Now processing file: /datain/2016837-D20160427-T013710.raw <class 'echolab2.instruments.EK60.EK60'> at 0x7fdb186bbfd0 EK60 object contains data from 6 channels: 1 :: GPT 18 kHz 00907205aeb7 1-1 ES18-11 :: power/angle (1091, 2645) 2 :: GPT 38 kHz 00907205aebc 6-1 ES38B :: power/angle (1091, 2645) 3 :: GPT 70 kHz 00907205aebe 2-1 ES70-7C :: power/angle (1091, 2645) 4 :: GPT 120 kHz 00907205c48f 3-1 ES120-7C :: power/angle (1091, 2645) 5 :: GPT 200 kHz 00907205aed2 4-1 ES200-7C :: power/angle (1091, 2645) 6 :: GPT 333 kHz 00907205fb9c 5-1 ES333-7C :: power/angle (1091, 10579) data start time: 2016-04-27T01:37:10.043 data end time: 2016-04-27T01:56:32.213 number of pings: 1091

Main frequency: 38000 Main channel: ['GPT 38 kHz 00907205aebc 6-1 ES38B'] Other channels: ['GPT 18 kHz 00907205aeb7 1-1 ES18-11', 'GPT 70 kHz 00907205aebe 2-1 ES70-7C', 'GPT 120 kHz 00907205c48f 3-1 ES120-7C', 'GPT 200 kHz 00907205aed2 4-1 ES200-7C', 'GPT 333 kHz 00907205fb9c 5-1 ES333-7C'] Channel with frequency 38000.0 range mismatch!
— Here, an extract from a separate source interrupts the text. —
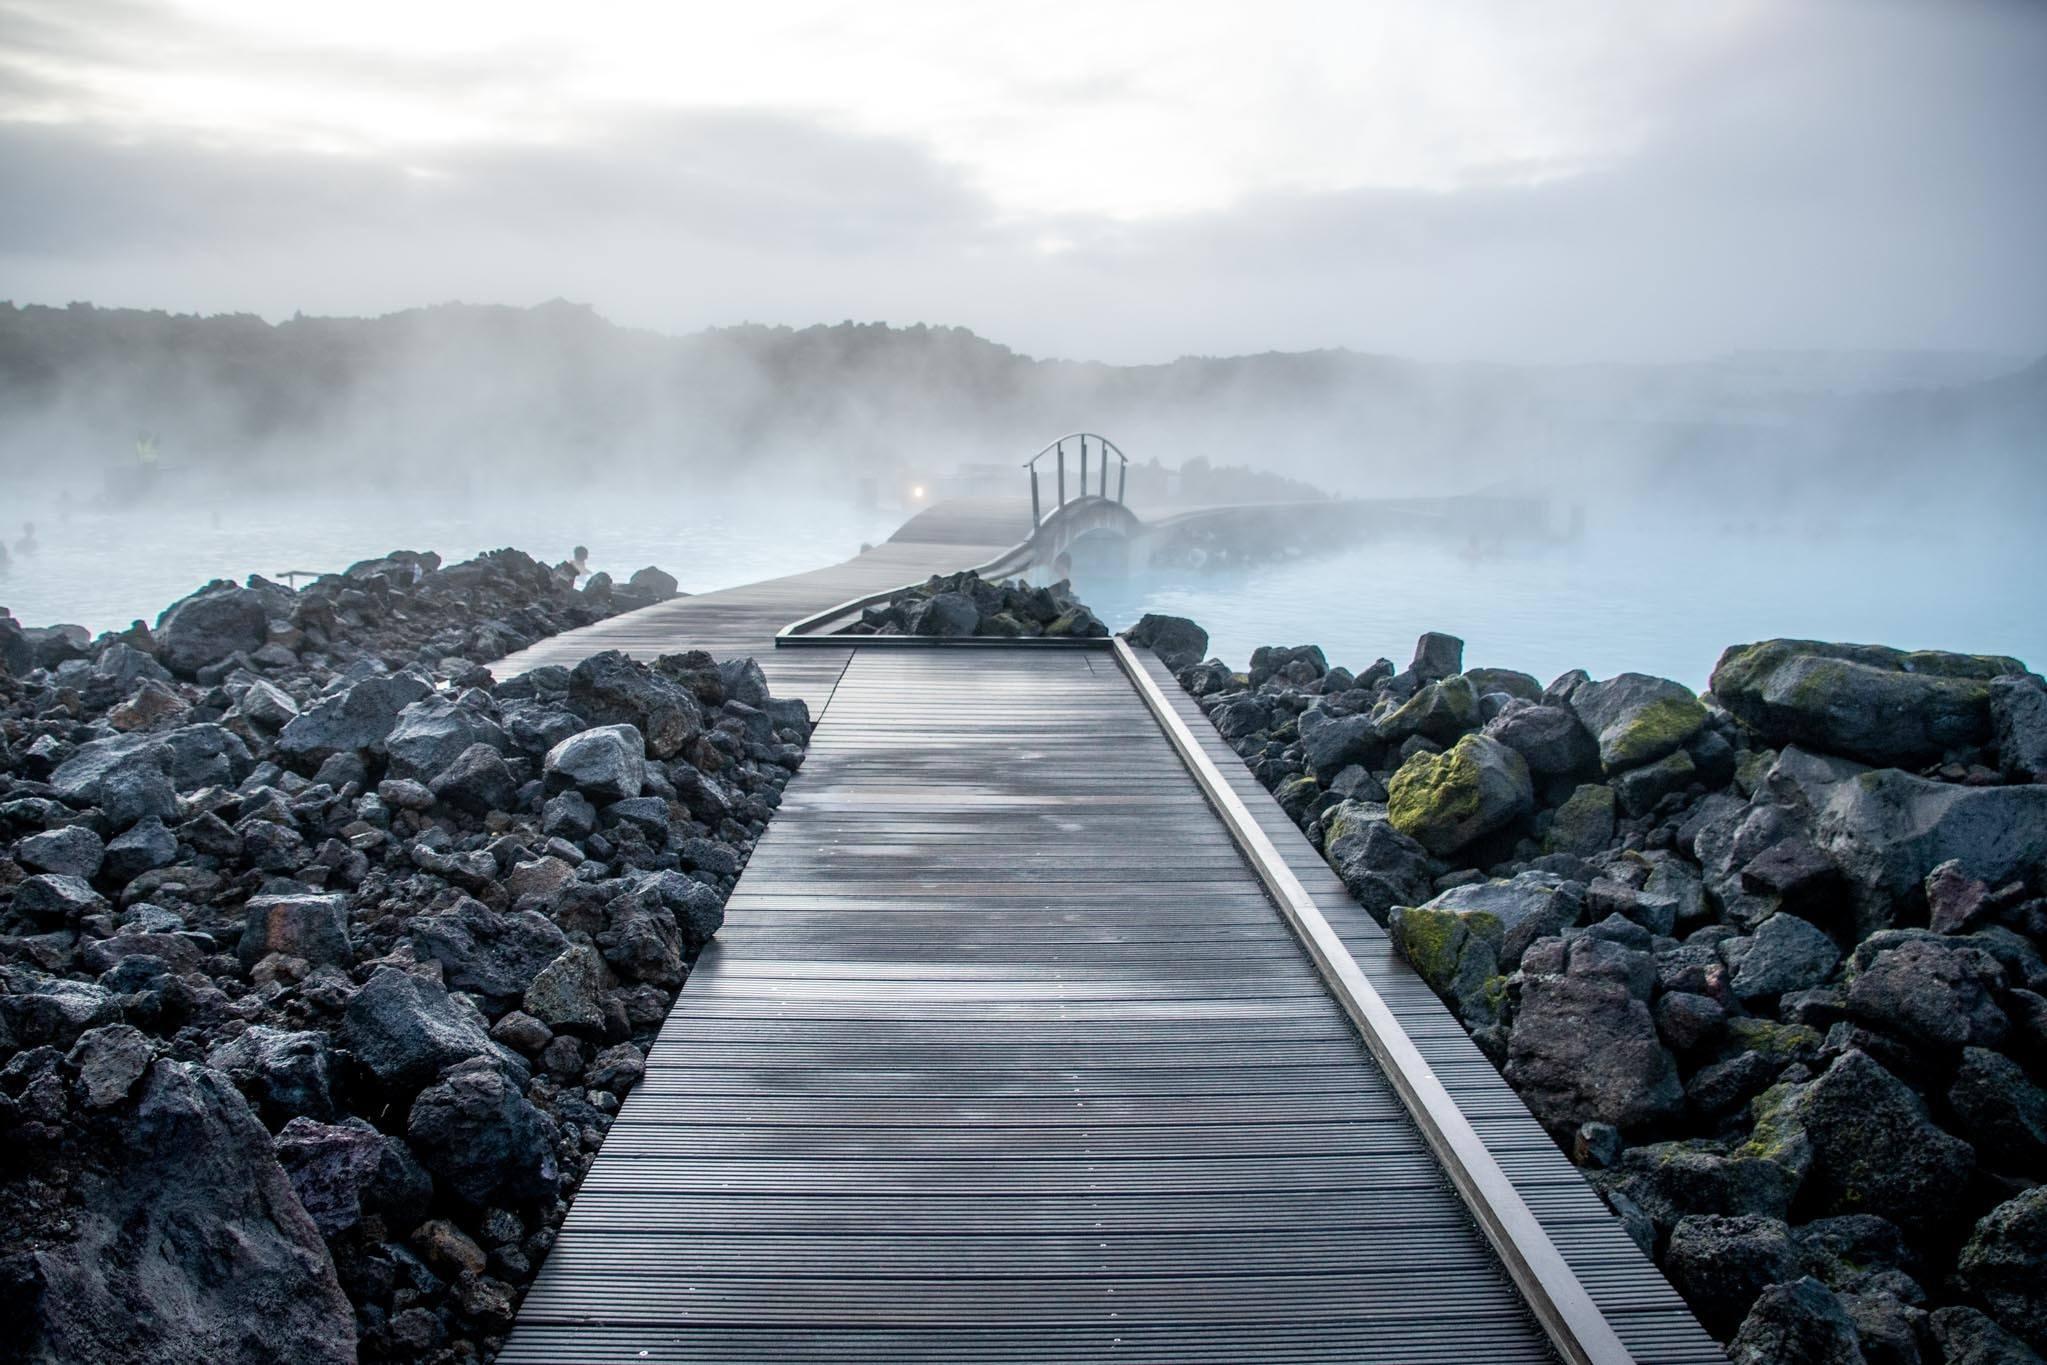 Sidewalks among the steam

Reference range size: 2644 != 2645 Channel with frequency 120000.0 range mismatch! Reference range size: 2644 != 2645 Channel with frequency 18000.0 range mismatch! Reference range size: 2644 != 2645 Channel with frequency 200000.0 range mismatch! Reference range size: 2644 != 2645 Channel with frequency 70000.0 range mismatch! Reference range size: 2644 != 2645 Channel with frequency 333000.0 range mismatch! Reference range size: 2644 != 10579 Reading:/workin/2016837-D20160427-T013710.work /usr/local/lib/python3.8/site-packages/annotationtools/readers/convert_to_annotations.py:1295: FutureWarning: elementwise comparison failed; returning scalar instead, but in the future will perform elementwise comparison if not intr.species_id == -1: Correcting time by 0 microseconds Traceback (most recent call last): File "/app/CRIMAC_preprocess.py", line 796, in status = raw_to_grid_multiple(raw_dir, File "/app/CRIMAC_preprocess.py", line 726, in raw_to_grid_multiple pq_writer = append_to_parquet(df, pq_filepath, pq_writer) File "/app/CRIMAC_preprocess.py", line 38, in append_to_parquet pq_obj.write_table(table=pa_tbl) File "/usr/local/lib/python3.8/site-packages/pyarrow/parquet.py", line 649, in write_table raise ValueError(msg) ValueError: Table schema does not match schema used to create file: table: ping_time: timestamp[ns] mask_depth_upper: double mask_depth_lower: double priority: int64 acoustic_category: string proportion: double object_id: string channel_id: string index_level_0: int64 -- schema metadata -- pandas: '{"index_columns": ["index_level_0"], "column_indexes": [{"na' + 1327 vs. file: ping_time: timestamp[ns] mask_depth_upper: double mask_depth_lower: double priority: int64 acoustic_category: null proportion: double object_id: null channel_id: null index_level_0: int64 -- schema metadata -- pandas: '{"index_columns": ["index_level_0"], "column_indexes": [{"na' + 1321

iambaim commented 3 years ago

It seems that we must force some types on the table, even though they are only filled with null. I'll investigate this.